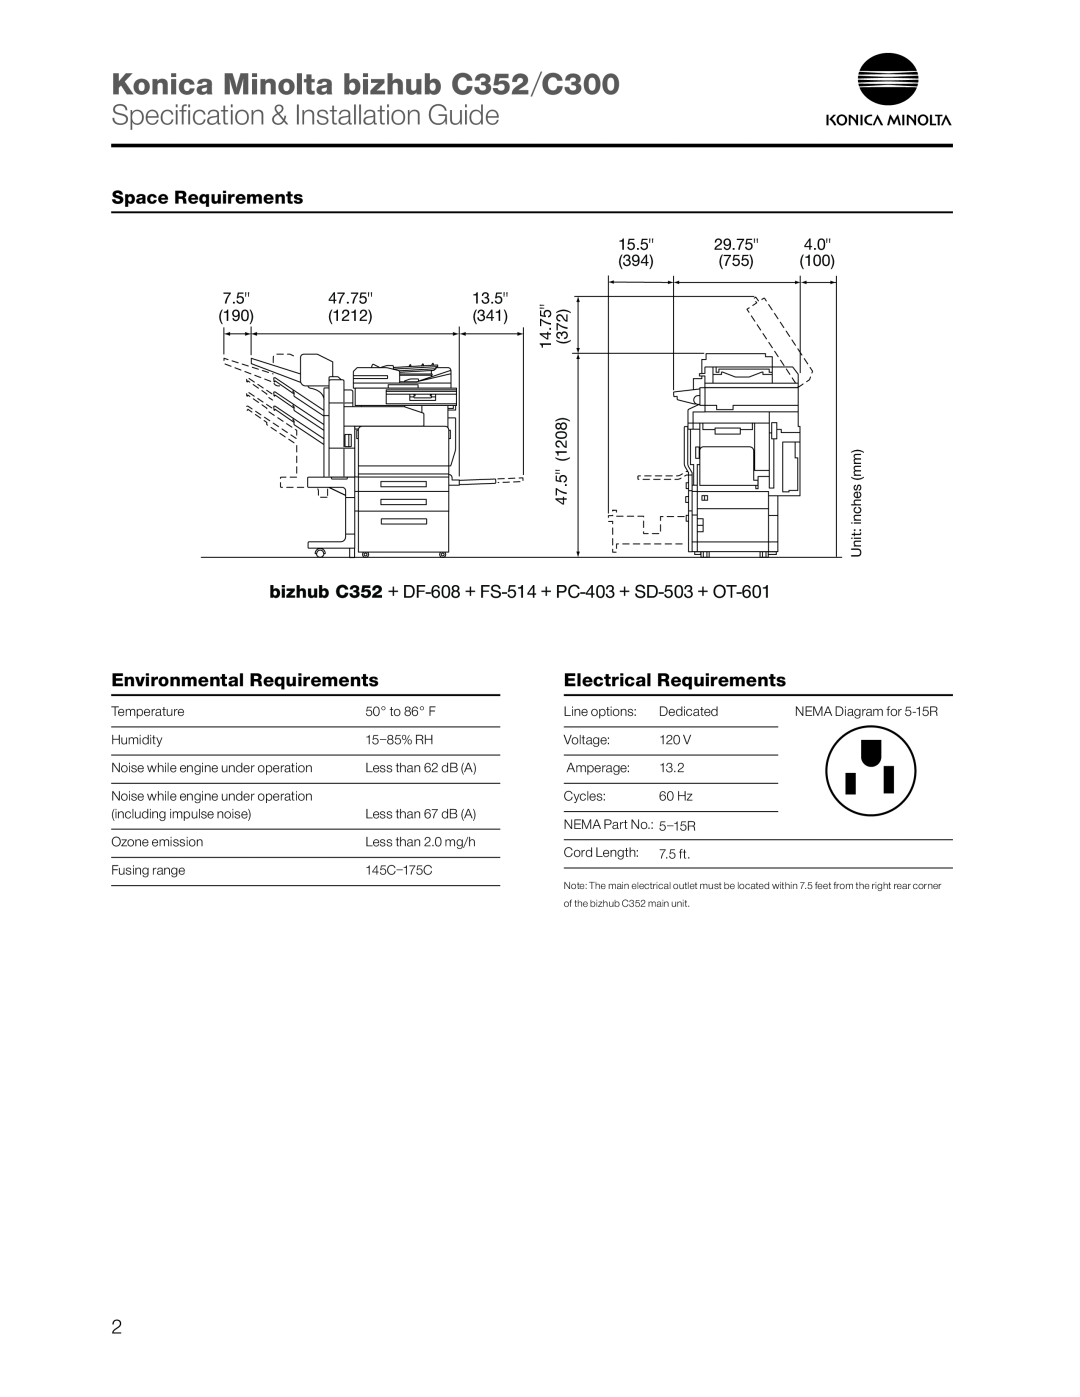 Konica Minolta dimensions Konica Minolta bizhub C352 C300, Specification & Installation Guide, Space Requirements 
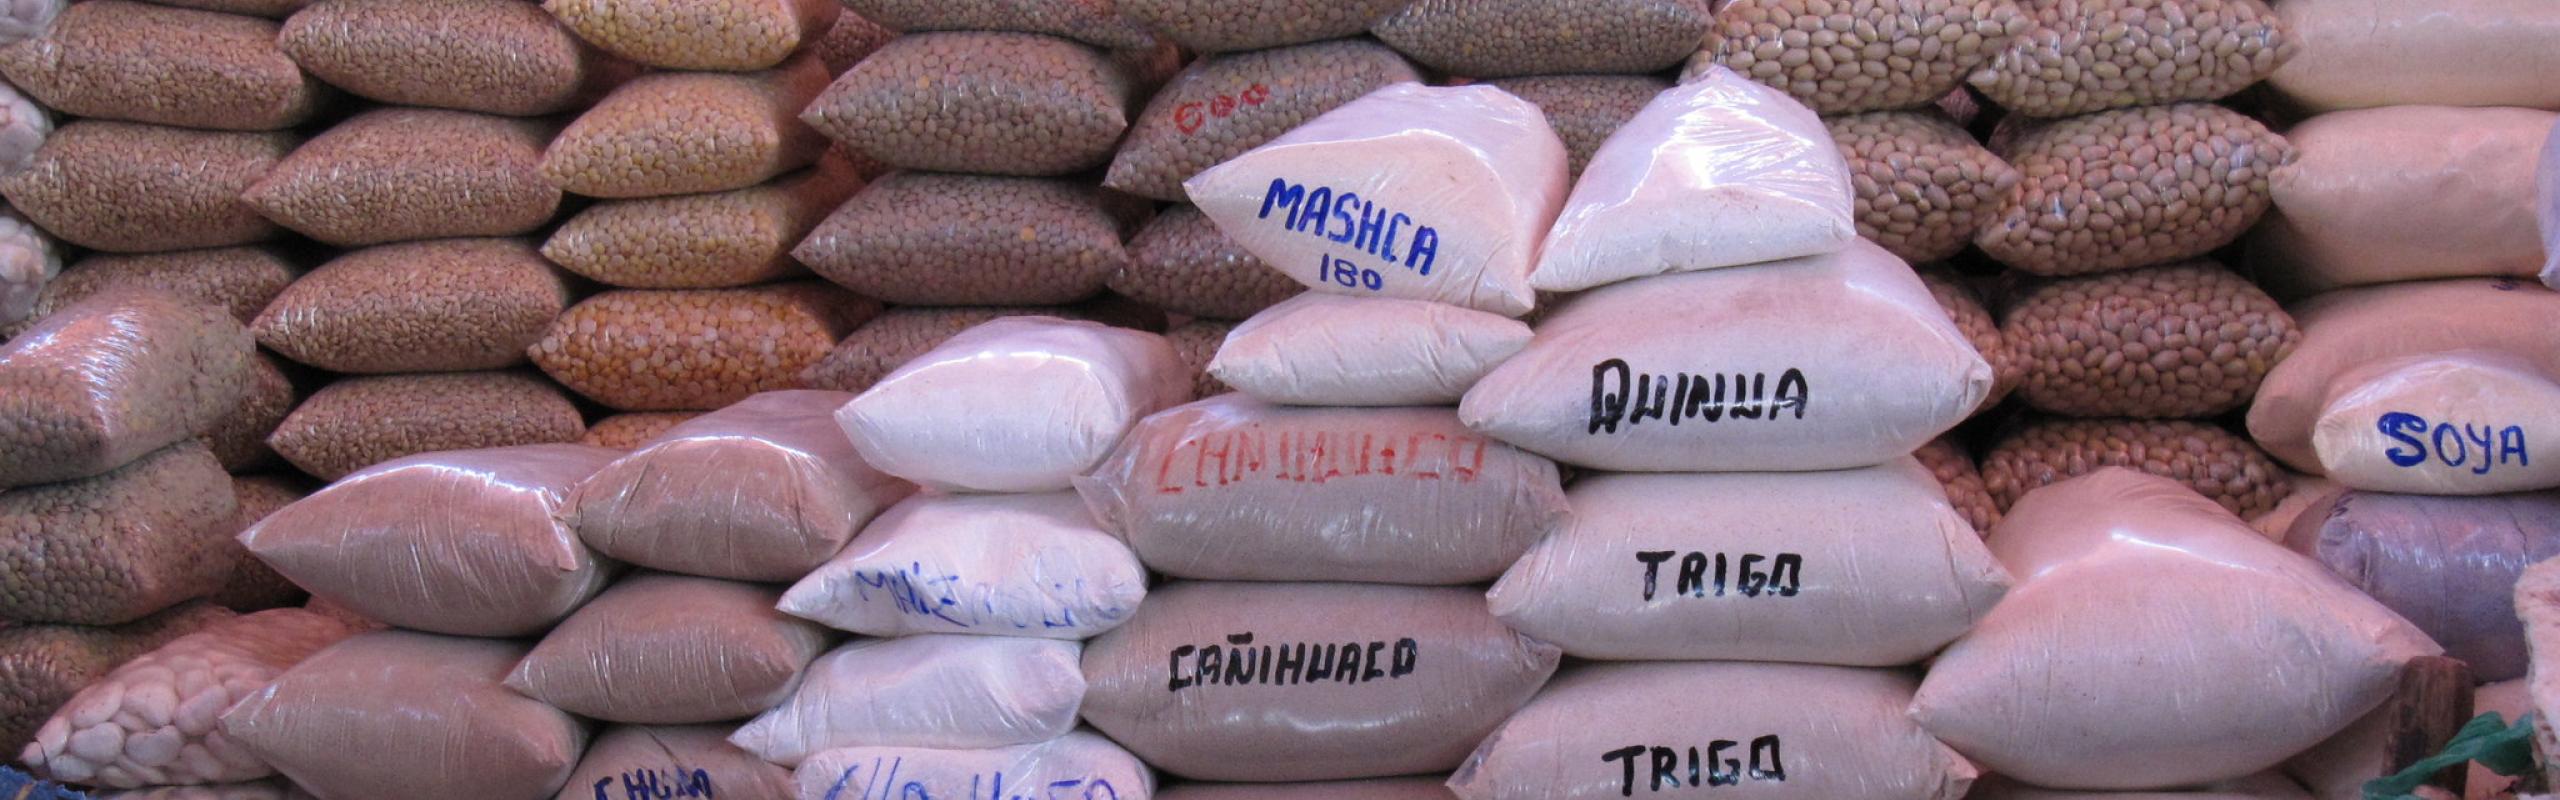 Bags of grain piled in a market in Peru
________________________________________
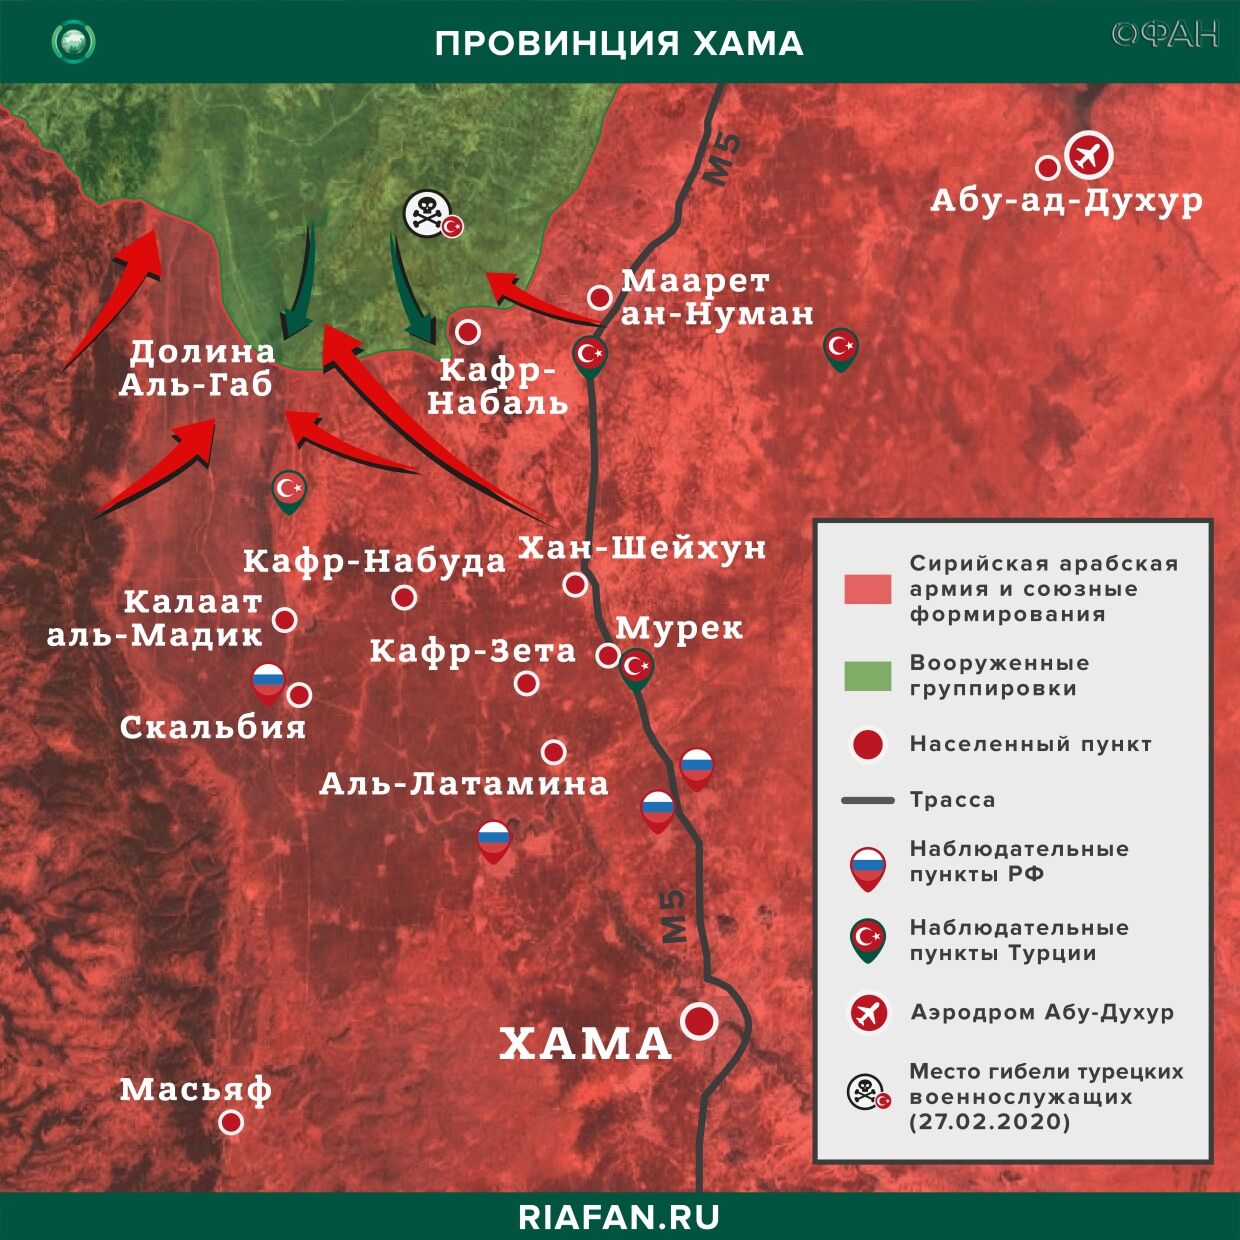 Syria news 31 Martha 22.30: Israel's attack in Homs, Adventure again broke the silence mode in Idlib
________________________________________
ACTION ITEM:
Write back the stretch of lines above that begins with the line holding "Konica Minolta dimensions" and ends with the line holding "Bags of grain piled in a market in Peru", both included, exactly as written. Pictures stay out.

RESULT BELOW:
 Konica Minolta dimensions Konica Minolta bizhub C352 C300, Specification & Installation Guide, Space Requirements 
 Bags of grain piled in a market in Peru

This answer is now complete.